With nearly 300 wineries in B.C., tough international competition, and new changes to provincial liquor licencing laws, Pesme says the sustainability of the industry is being challenged. 

“The wine industry is truly a global market, and the local situation can’t continue as it is because the competition, whether it’s local or international, is fierce,” says Pesme.

This summer, as part of an innovative partnership between UBC and B.C.’s wine industry, the university received $630,000 from Western Economic Diversification Canada to help strengthen co-operation in the industry, enhance export readiness, and develop global identity. 

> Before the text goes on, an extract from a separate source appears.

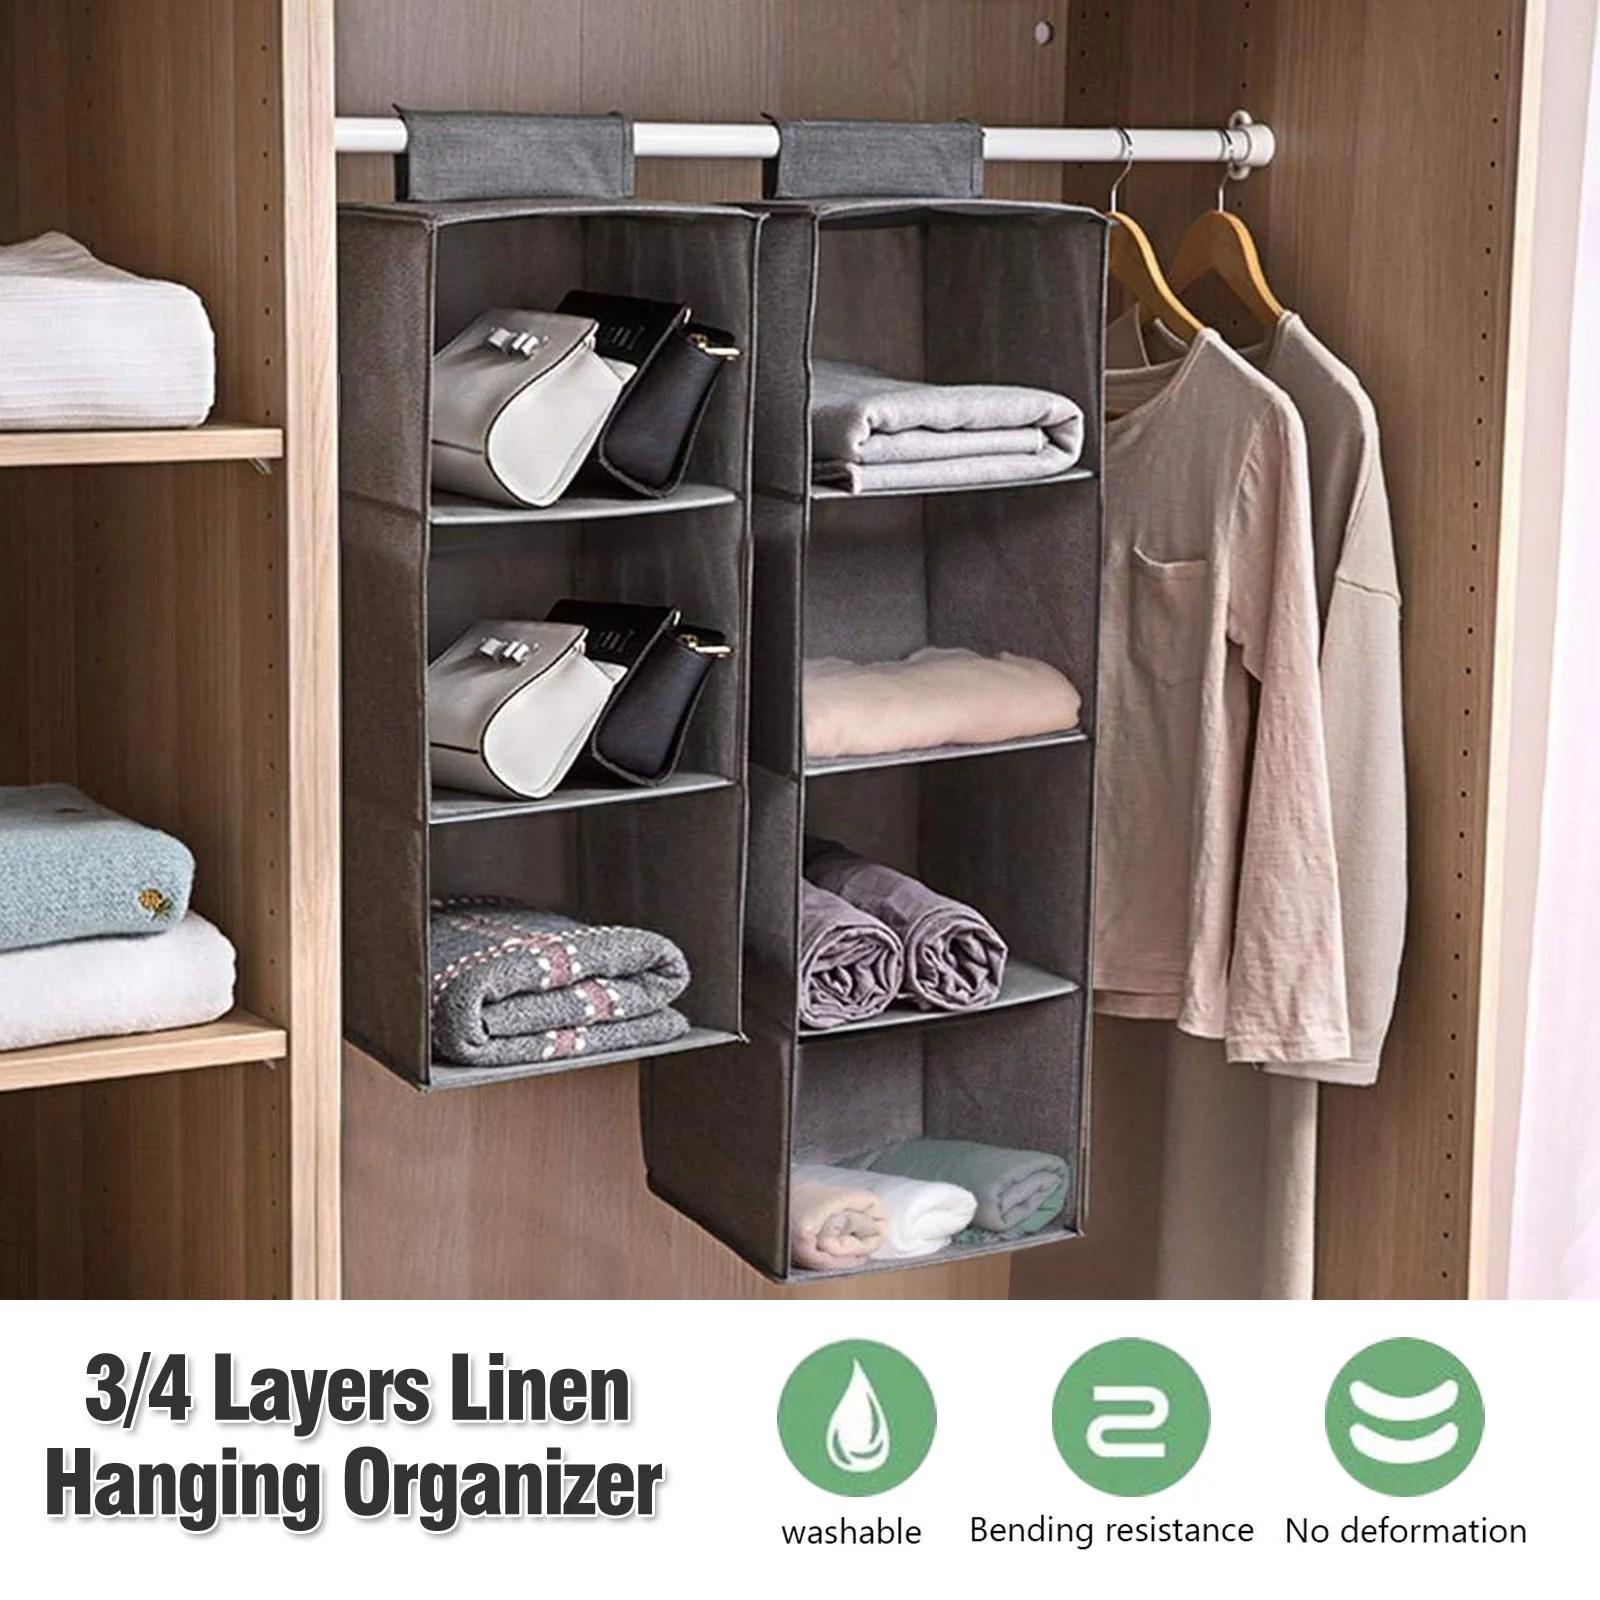 3-Shelf Foldable Hanging Closet Organizers Space Saver ... on Closet Space Savers Walmart  id=28869

“The industry has to ask ‘what does the idea of the British Columbia wine region mean?’ Can all these people work together to create a commercial message that describes our wine region and the signature of our wines?” says Pesme. “To be competitive on the international market, this region’s wineries need to have a firm identity. And the region needs to have the ability to launch itself successfully internationally.”

Wine regions have specific identities, and he says the Okanagan wineries need to come up with an identity that they all share, and then promote the entire area and its products.

“The industry does exist, and we have the players — the big, the medium, and the small. We also have professional institutions. Apart from few exceptions, I don’t think the local wineries are ready to position themselves on the international market and become international players,” says Pesme. “The potential is here, clearly. Some additional work is required to intensify the collaboration amongst B.C. players. The world of wine imposes, at first, a collective approach, and it offers many opportunities as the wine industry is truly a global market that needs to be explored.”

Pesme will be back at UBC in November to help facilitate the Wine Industry Collaborative at UBCO Nov. 2 and 3. Before the event, UBC and KEDGE are conducting a survey of the industry on wine labelling, and the preliminary results will be discussed at the collaborative.